Jean Pitzo is the CEO of Ace Metals. Throughout her tenure, Pitzo’s passion for developing conscious leaders and helping team members thrive has advanced the company's success and produced a culture with a foundation built on trust. Her extensive sales and leadership experience has taught her that taking great care of customers on the outside starts with taking good care of people on the inside. Under her leadership, ACE has been honored numerous times for outstanding business practices, workplace culture, and industry and community outreach. Most recently, it was honored with an award for a Psychologically Healthy Workplace from the American Psychological Association. Ace Metal Crafts Company was also named to the Fab 40 by Fabricator magazine and is an active member of manufacturing associations: AME, TMA, and FMA. 

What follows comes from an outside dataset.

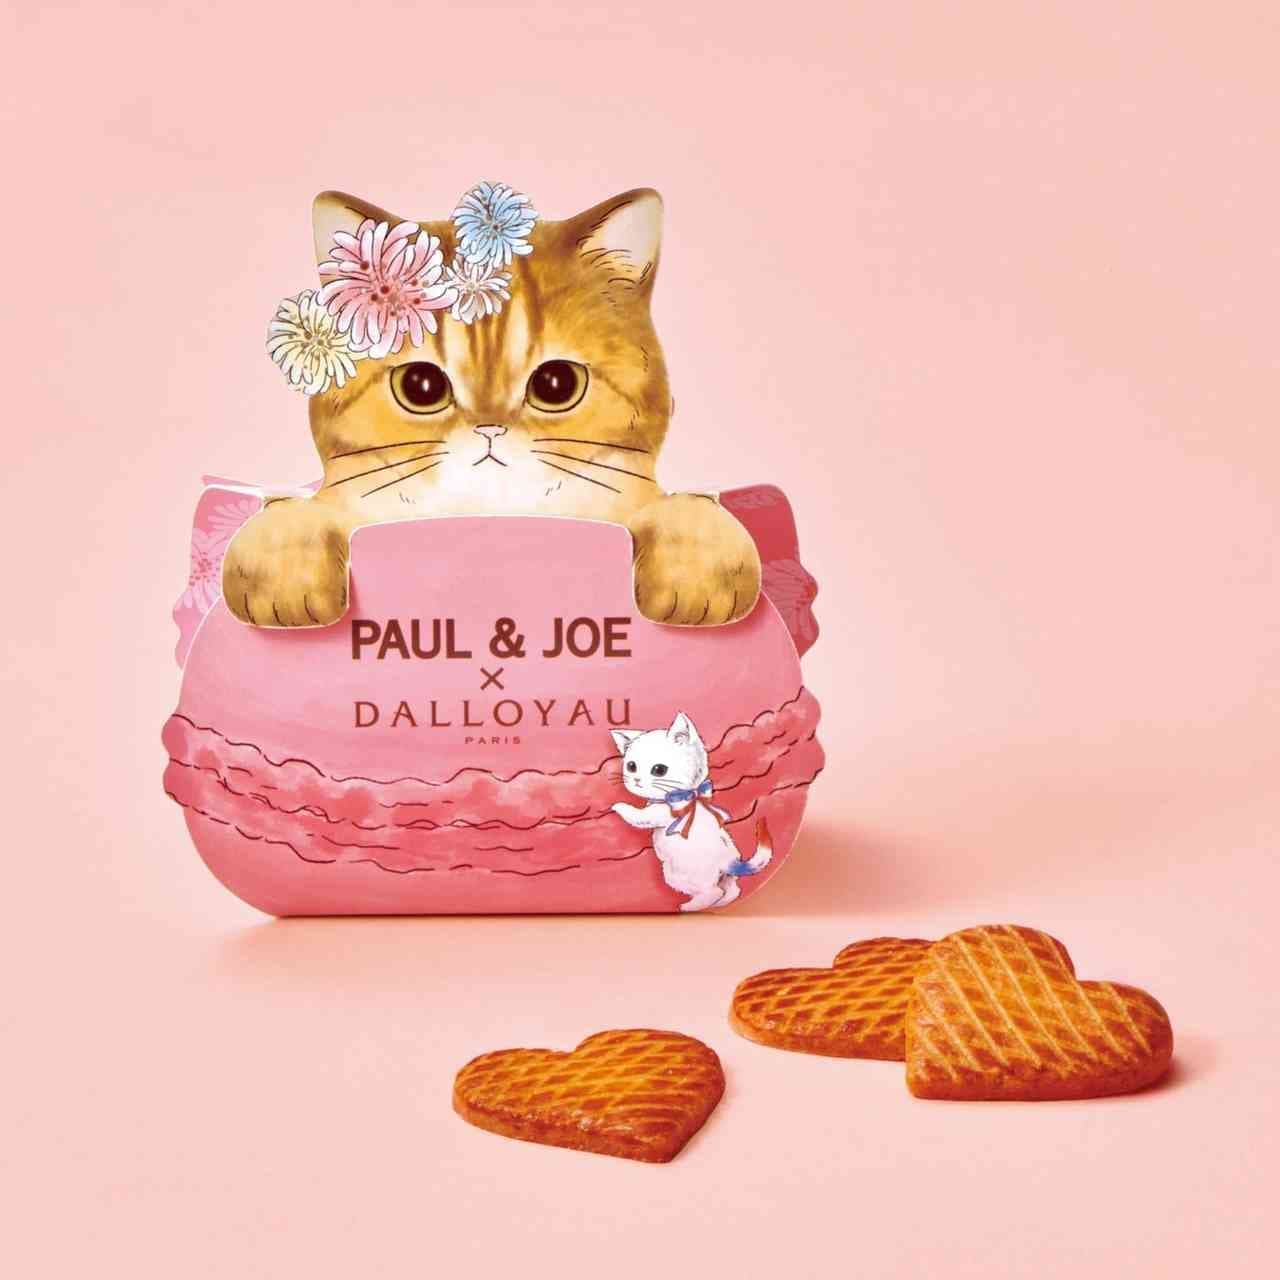 PAUL & JOE x Dalloyo cat design sweets

Renée Smith, MSOD, LSSBB, is the founder and CEO of A Human Workplace. Her compelling message of decreasing fear and increasing love based on her primary research has won over audiences around the world. She leads a growing global team of 35 in providing organizations with unique, human-centered, culture-building experiences and resources. Most recently, her team has hosted more than 200 virtual gatherings in response to the pandemic and racial injustice. Her simple yet elegant breakthrough approach has been called “uncommon and profound,” helping people discover and practice what it is to be human at work. She served as director of lean transformation services at the Department of Enterprise Services leading lean culture change for six years. She also served as director of workplace transformation for the State of Washington in the Office of the Governor, a position created for her in which she led a statewide initiative to "make government more human" by championing loving, human-centered practices in state government workplaces. She has consulted and coached businesses, governments, and not-for-profit organizations for 18 years. 

Ashleigh Walters is the president of Onex, an employee-owned business operating for over 50 years in Erie, Penn. Onex designs, services and manufactures high-temperature industrial furnaces. When Walters assumed the general manager role in 2013, the company had lost sight of its mission and family-centric core values. Today, Onex’s mission is "Make things better: empowered employees, happy clients, thriving communities. She is chairman of the board of directions for Northwest Industrial Resource Center (a Manufacturing Extension Partnership). Walters is the author of "Leading with Grit and Grace: A Journey of Organizational Culture Change." She also regularly shares her story with other leaders, encouraging them to make things better by improving processes and creating a people-centric organizational culture. Walters holds a bachelor's in chemical engineering from Auburn University. 

Moderator

Brian Wellinghoff is the director of strategy, improvement and culture and a founding partner of the Barry-Wehmiller Leadership Institute. For the last thirteen years, Wellinghoff has organized its unique approach to continuous improvement, including facilitating executive meetings, developing PCL training, and leading daily cultural change. In the last 18 months, he has helped kickoff this culture in more than a dozen businesses outside Barry-Wehmiller that look more people-centric while driving business performance.